This isn't goodbye
Friday, December 07, 2012
Now before I go to far, I will have to note my blogs tagged as public, are also private. I actually re read these..... These are my vents, my outlet if you will. If you do not like what you read, sorry for you... This, I have decided is what will help keep me accountable in many aspects of. My life.
I digress.... Saying goodbye, it's a big step or sometimes it is a forced hand. For weight loss, it is a big step-- to not step through the doors temptation. For me and my family today, it was just the hand that was dealt. We remember the life of my Grandfather, who passed away 12/7/04. Life as gone on, and the family has grown by two members. So today, when we gather with my almost 92 year old grandmother to decorate her house and tree ( she still lives alone in her own house!) we will sing, laugh and be merry. I have carrots, bananas and as a special treat avocado nachoes..... Instead of cookie upon cookie! Will I have a cookie, probably.. It is a cookie, not the end of the world.

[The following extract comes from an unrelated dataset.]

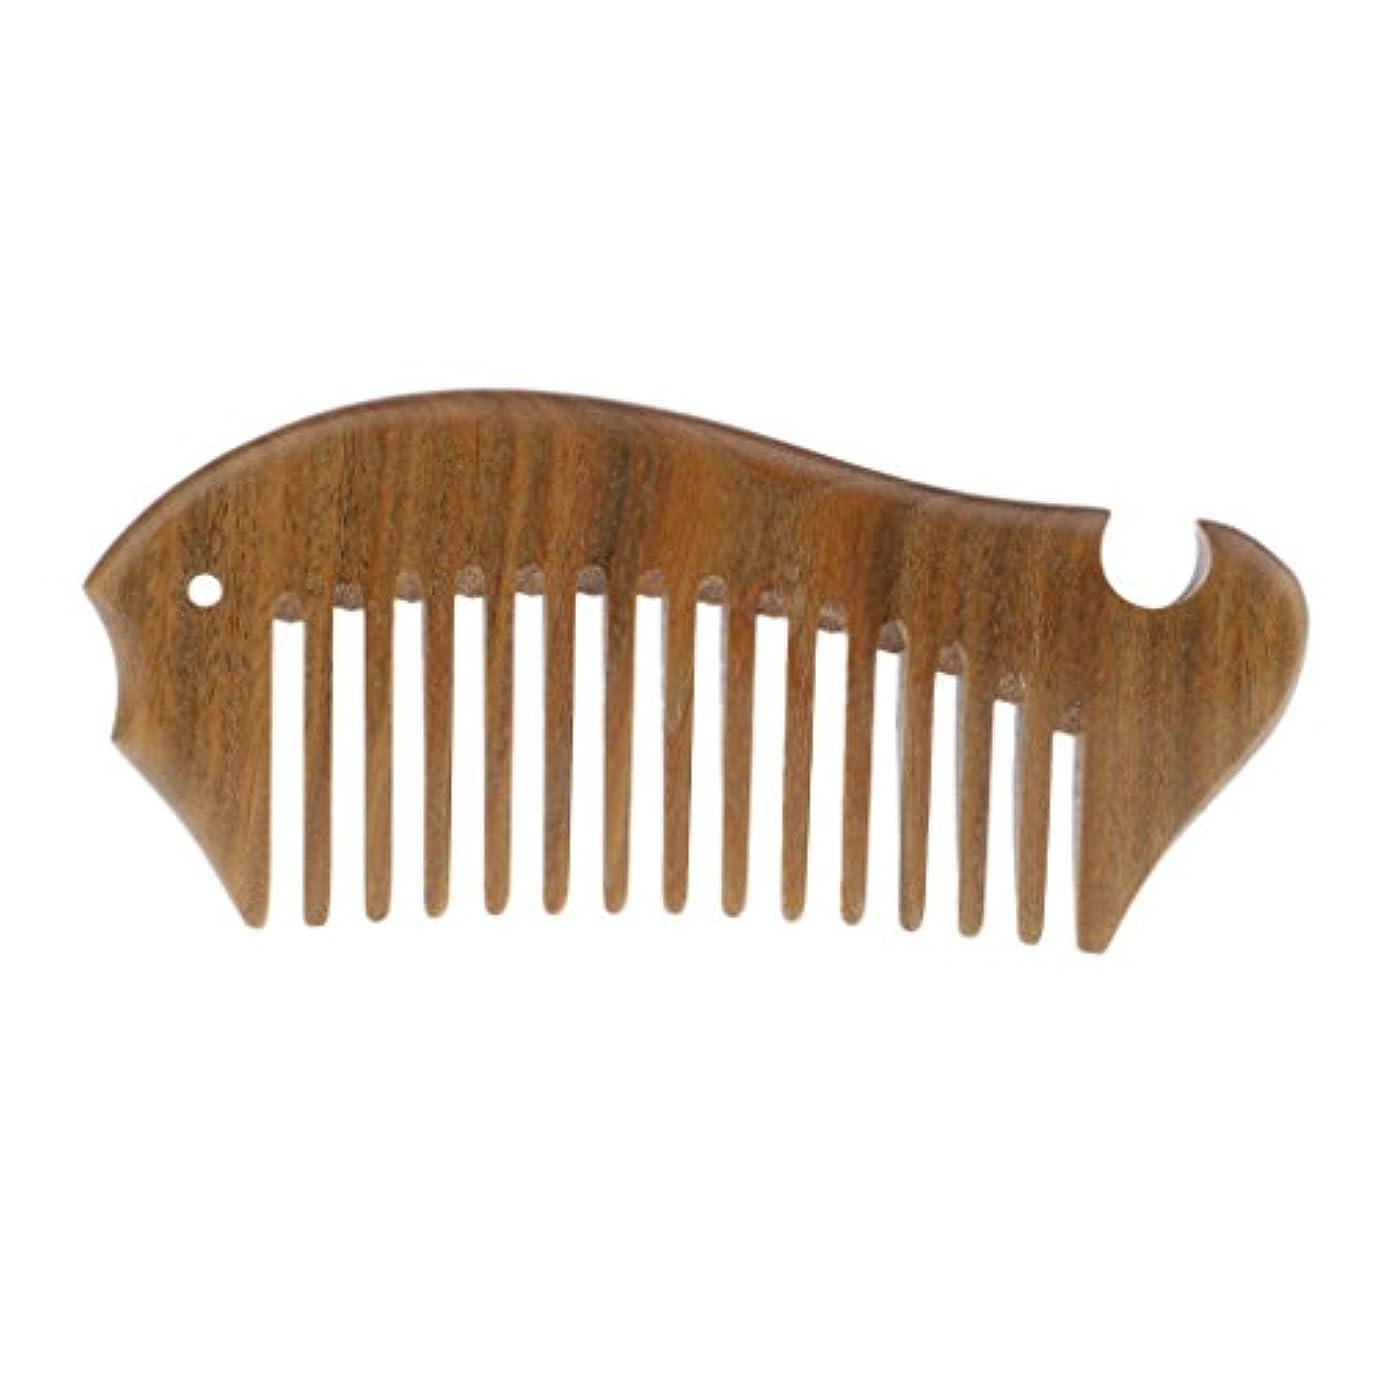 物理的に悪性の彫刻家gazechimp 木製櫛 帯電防止櫛 ヘアコーム 頭皮 ケア マッサージ

I feel that if we deprive ourselves of some of the finer/sweeter things in life we will over indulge at our weakest moments. Little here and there...take those ginormous peanut butter cups! LOL I have some left, I cut the first into a pie, 8 somewhat equal pieces, that would be the equalivant to two mini cups, and shared them with company. The final one, is cut into the same small pieces and slowly is being enjoyed.
I can say goodbye to foods like that, but I would be fooling myself! I approach it as I am taking a little leave, but I will be back for a little visit....
So this holiday season, however you celebrate, enjoy LIFE, you get one good chance. Take things in stride and look before you eat, say hi to old friends (cupcakes, mini cheesecakes, ect), wave and come back again...after you have eaten all the carrots, and drank loads of water! Lol
My brain is on overlaid, two twelve hour shifts done! Not a lot of sleep, so if this is crazy from the remembrance of my grandfather to waving to cheesecake.... Welcome to my brain and my world! I read this and it makes sence to me... It is my way of telling me that yep, life sucks.... (wait until next month when it is my dads passing anniversary, gulp) we can stay down and smother ourselves in self pity and food and drink OR We can choose to get up, say goodbye to the crap and move, move move.
December 4- my brothers birthday
December 5- my birthday
December 6 - my nieces birthday
December 7- the day my grandfather passed.